▶ [YOUR INSTRUCTIONS]:
Omit all pictures, then retype the data exactly as given.

▶ [SUPPLIED INFORMATION]:

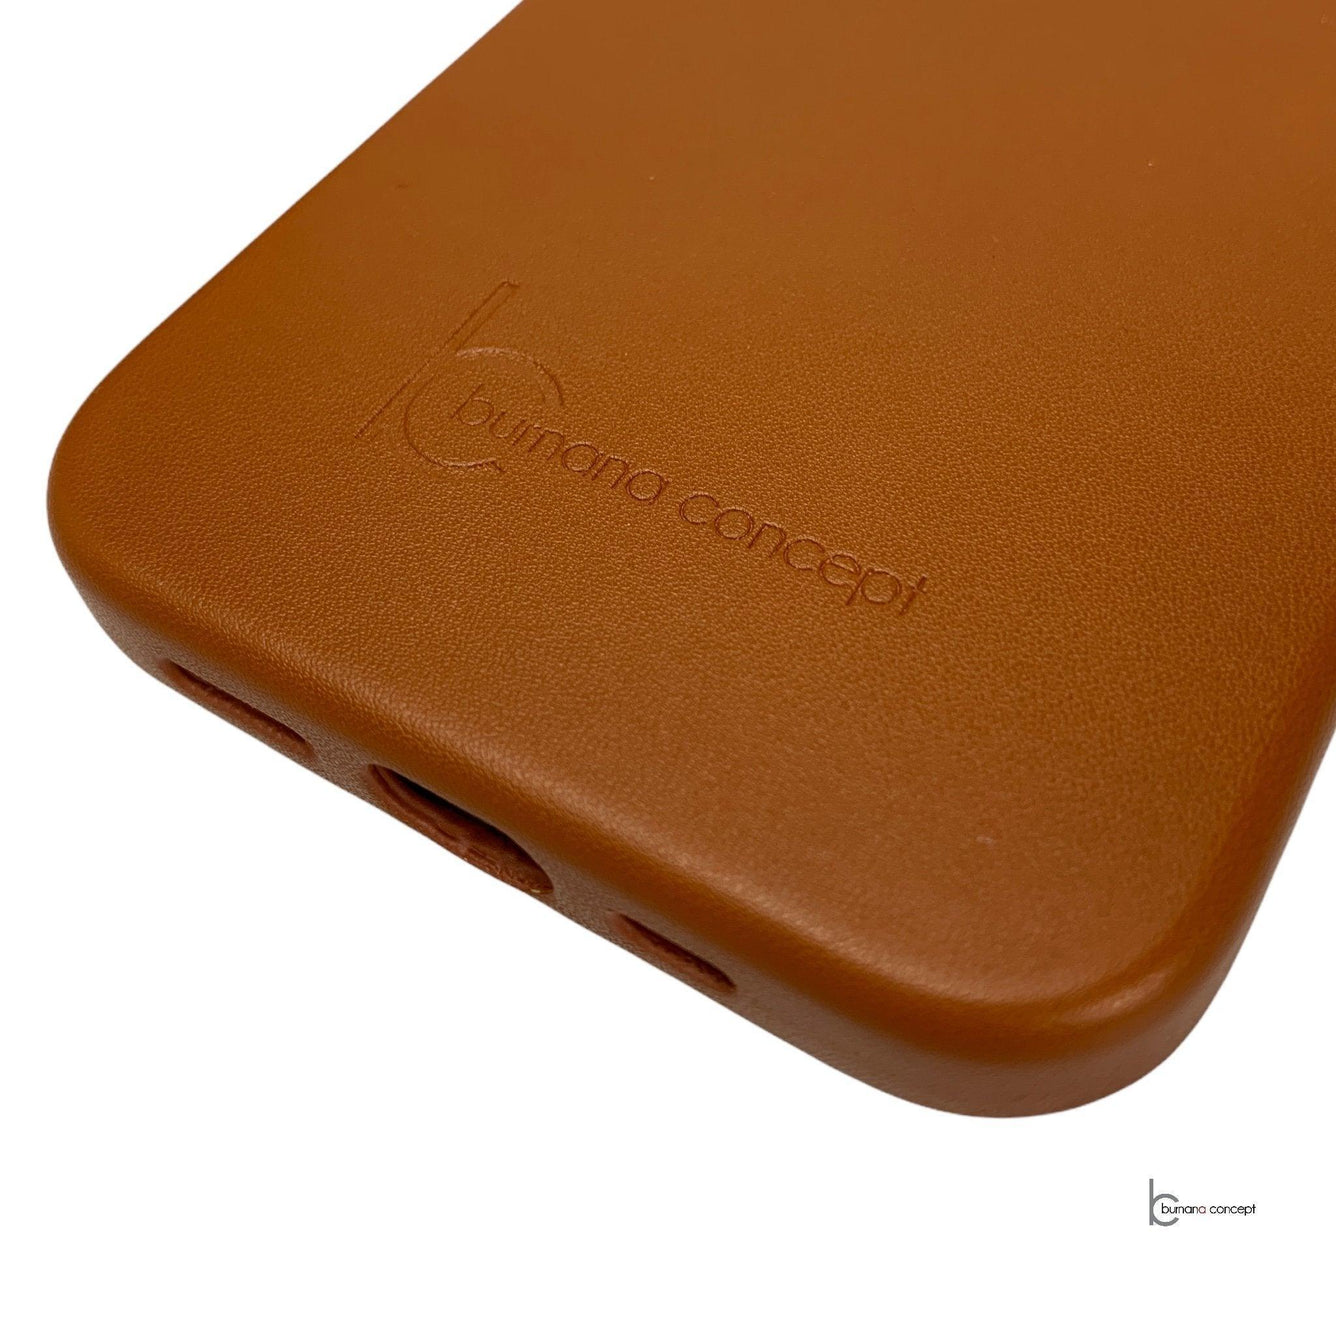 Burnana Concept Leather Case For iPhone 13 Pro - Burnana Concept 
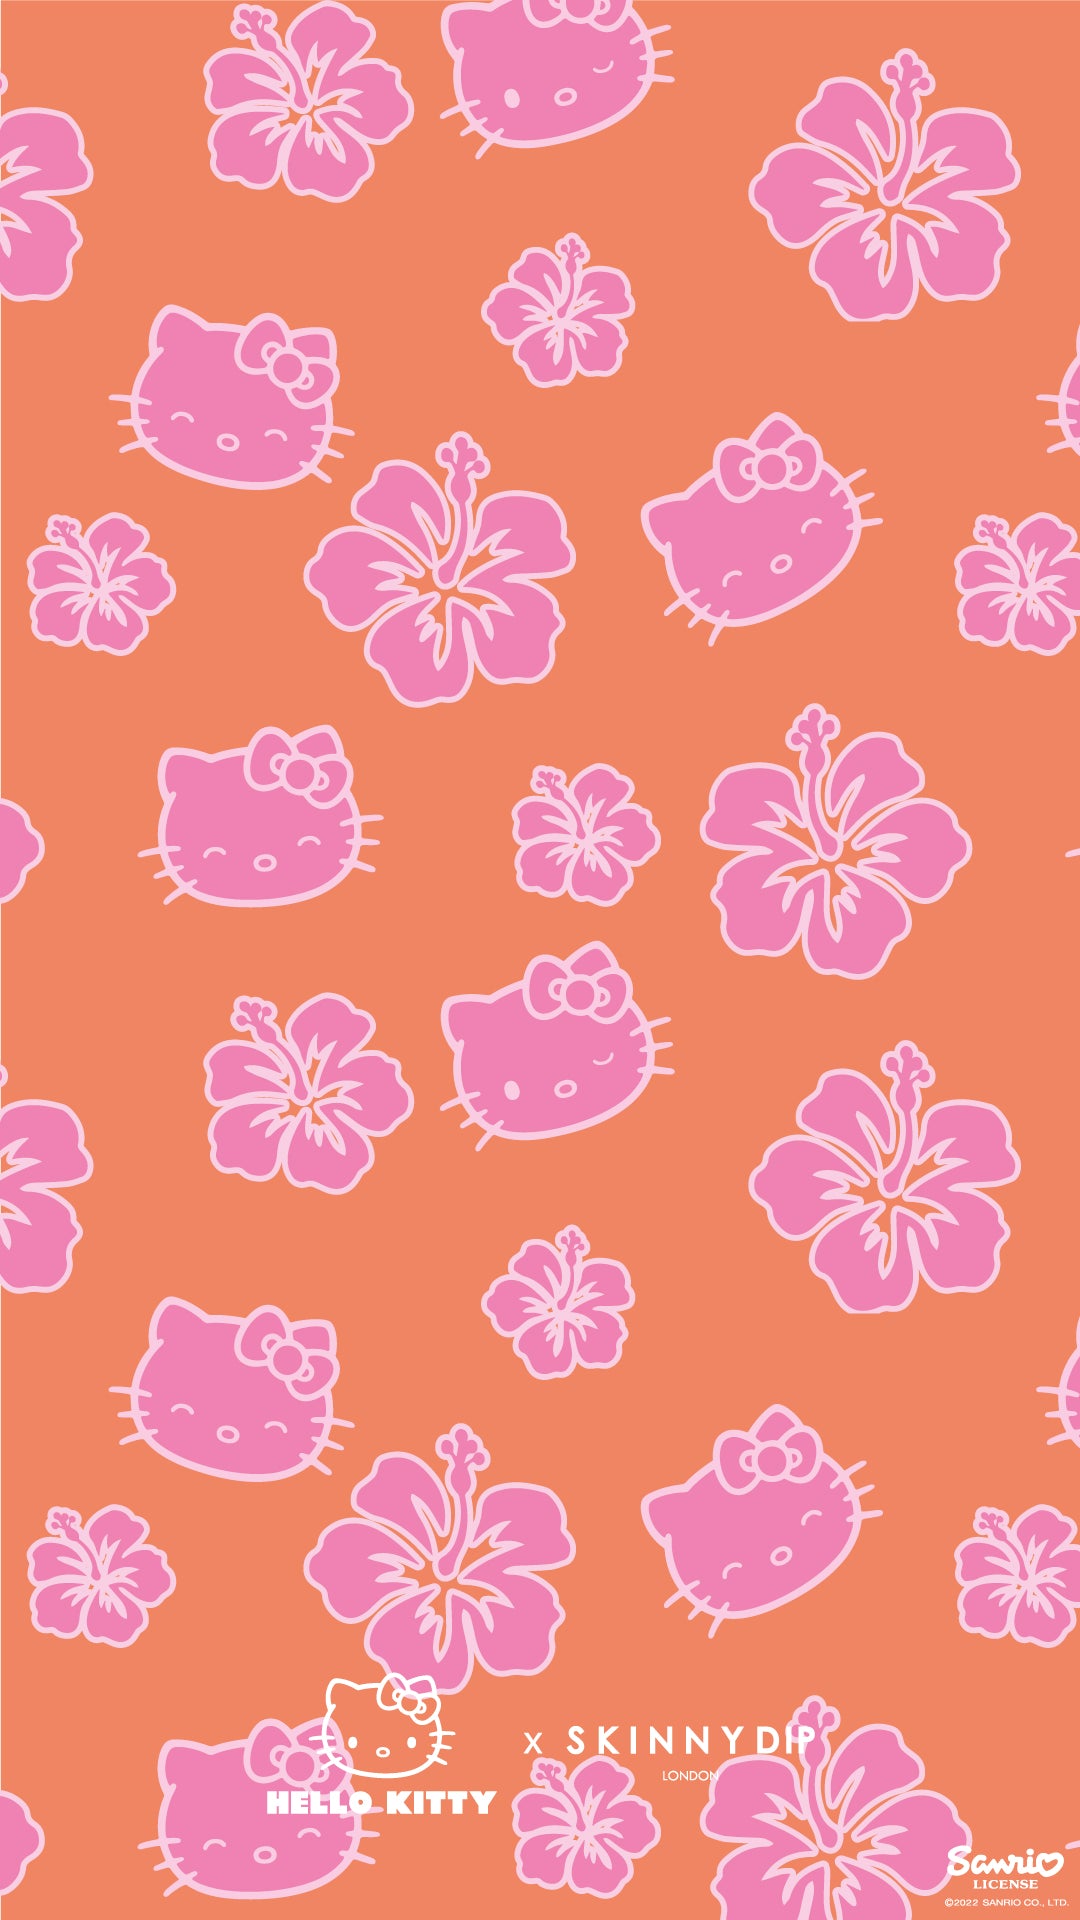 Hello Kitty x Skinnydip Drop 2 Phone Wallpaper 11
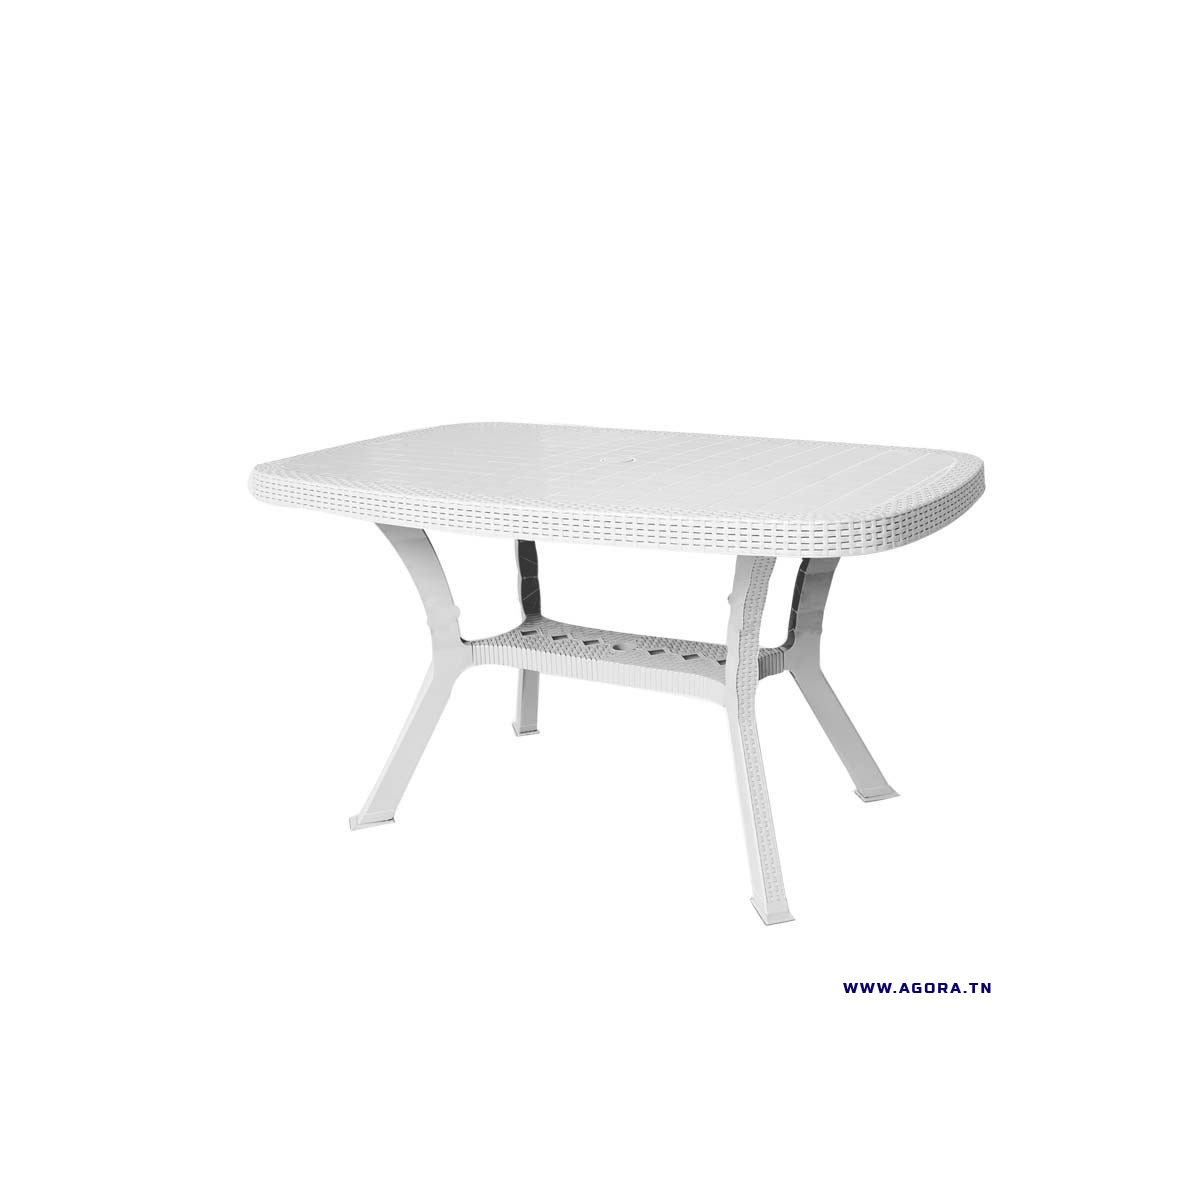 TABLE DE JARDIN SOTUFAB RECTANGULAIRE HARMONY 81.7*136.7CM BLANC | Agora.tn

▶ [ANSWER SECTION]:
 Burnana Concept Leather Case For iPhone 13 Pro - Burnana Concept 
 Hello Kitty x Skinnydip Drop 2 Phone Wallpaper 11
 TABLE DE JARDIN SOTUFAB RECTANGULAIRE HARMONY 81.7*136.7CM BLANC | Agora.tn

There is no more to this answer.